11. In the circumstances, we do not think any justifiable ground to accept the case of the assessee that based on Accounting Standard 19 only that the agreement in question was entered into by the assessee and it has to be treated as the finance agreement.
12. As far as the reliance placed on the decision of the Delhi High Court [cited supra] is concerned, we do not find that the assessee could draw any strength from the said decision. The Delhi High Court discussed about the distinction between the “finance agreement” and the “operational lease” with reference to the decisions of the Apex Court and ultimately remitted the case for fresh consideration. As had been pointed out in the decision reported in Sundaram Finance Ltd. v. State of Kerala AIR 1966 SC 1178 the true effect of a transaction has to be seen from the terms of the agreement. The Supreme Court pointed out as follows:
“….When a person desiring to purchase goods and not having sufficient money on hand borrows the amount needed from a third person and pays it over to the vendor, the transaction between the customer and the lender will unquestionably be a loan transaction. The real character of the transaction would not be altered if the lender himself is the owner of the goods and the owner accepts the promise of the purchaser to pay the price or the balance remaining due against delivery of goods. But a hire-purchase agreement is a more complex transaction. The owner under the hire-purchase agreement enters into a transaction of hiring out goods on the terms and conditions set out in the agreement, and the option to purchase exercisable by the customer on payment of all the instalments of hire arises when the instalments are paid and not before. In such a hire-purchase agreement there is no agreement to buy goods; the hirer being under no legal obligation to buy has an option either to return the goods or to become its owner by payment in full of the stipulated hire and the price for exercising the option. This class of hire-purchase agreements must be distinguished from transactions in which the customer is the owner of the goods and with a view to finance his purchase he enters into an arrangement which is in the form of a hire-purchase agreement with the financier, but in substance evidences a loan transaction, subject to a hiring agreement under which the lender is given the license to seize the goods.”
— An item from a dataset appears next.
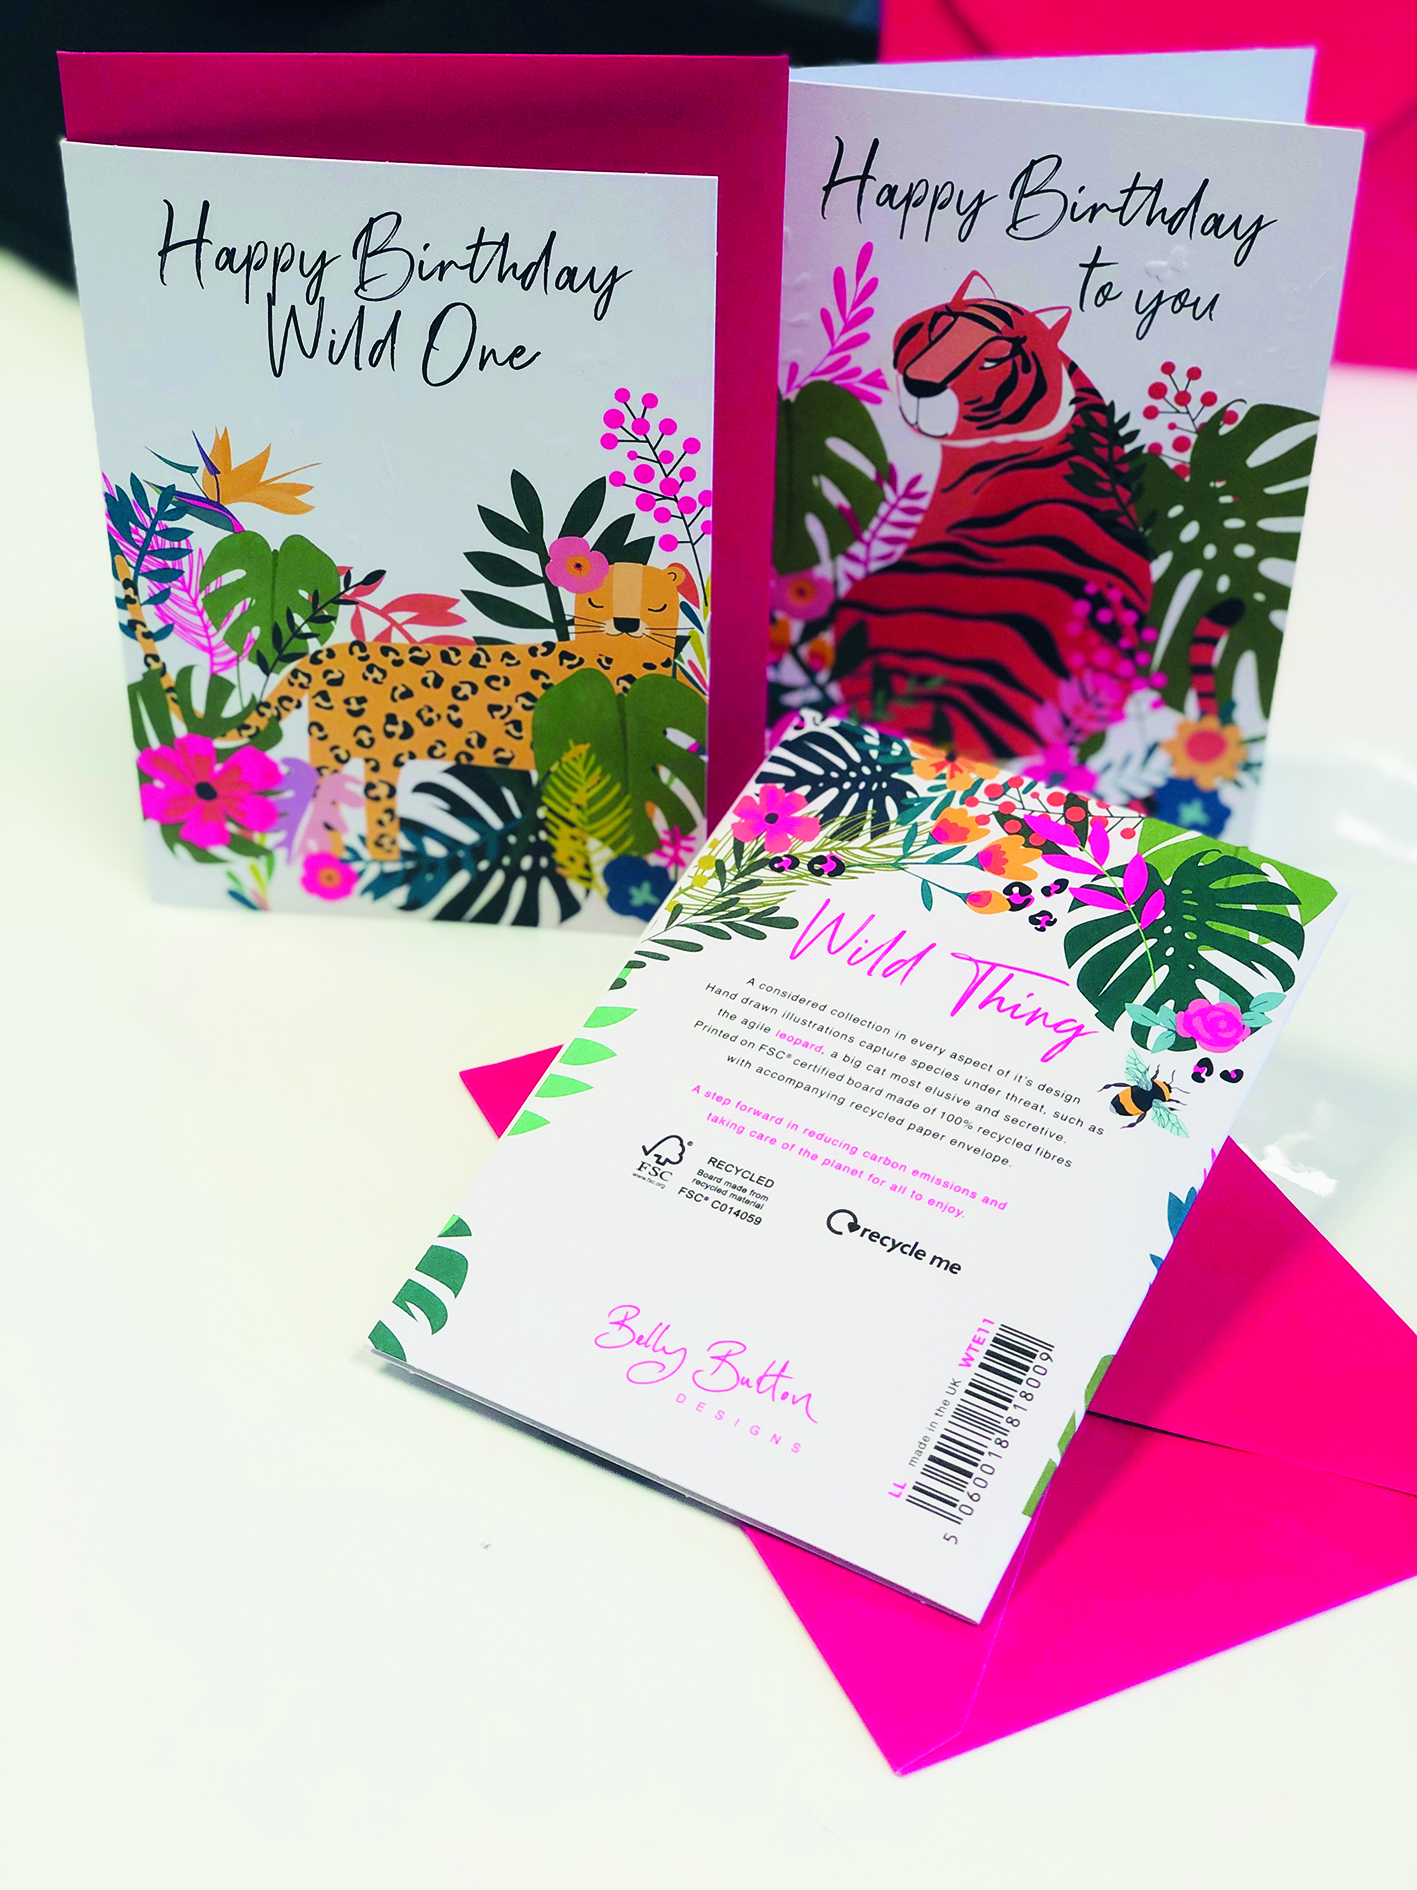 Above: The backs of the cards in Belly Button’s Wild Thing range includes a description about the animal featured on the front that’s under threat. “Big cats empower, whether reflecting our confidence in the fashion prints we wear, or the strength of motherhood and nurturing symbolised, we are hugely attached to that,” suggests Rachel Hare, md and creative director of Belly Button Designs.

13. As far as the present case is concerned, the question herein has to be seen from the terms of the agreement entered into between the assessee, which was placed before the Assessing Officer as well as before other Appellate Authorities, a copy of which is also placed before us and we have also gone through it. In the light of the details contained in the agreement has been narrated by us in the preceding paragraphs and considering the import of the agreement, we have no hesitation in rejecting the assessee’s contention that the transaction is only a finance lease.
14. In the result, the Tax Case (Appeals) are dismissed. No costs. Consequently, the connected miscellaneous petitions are closed.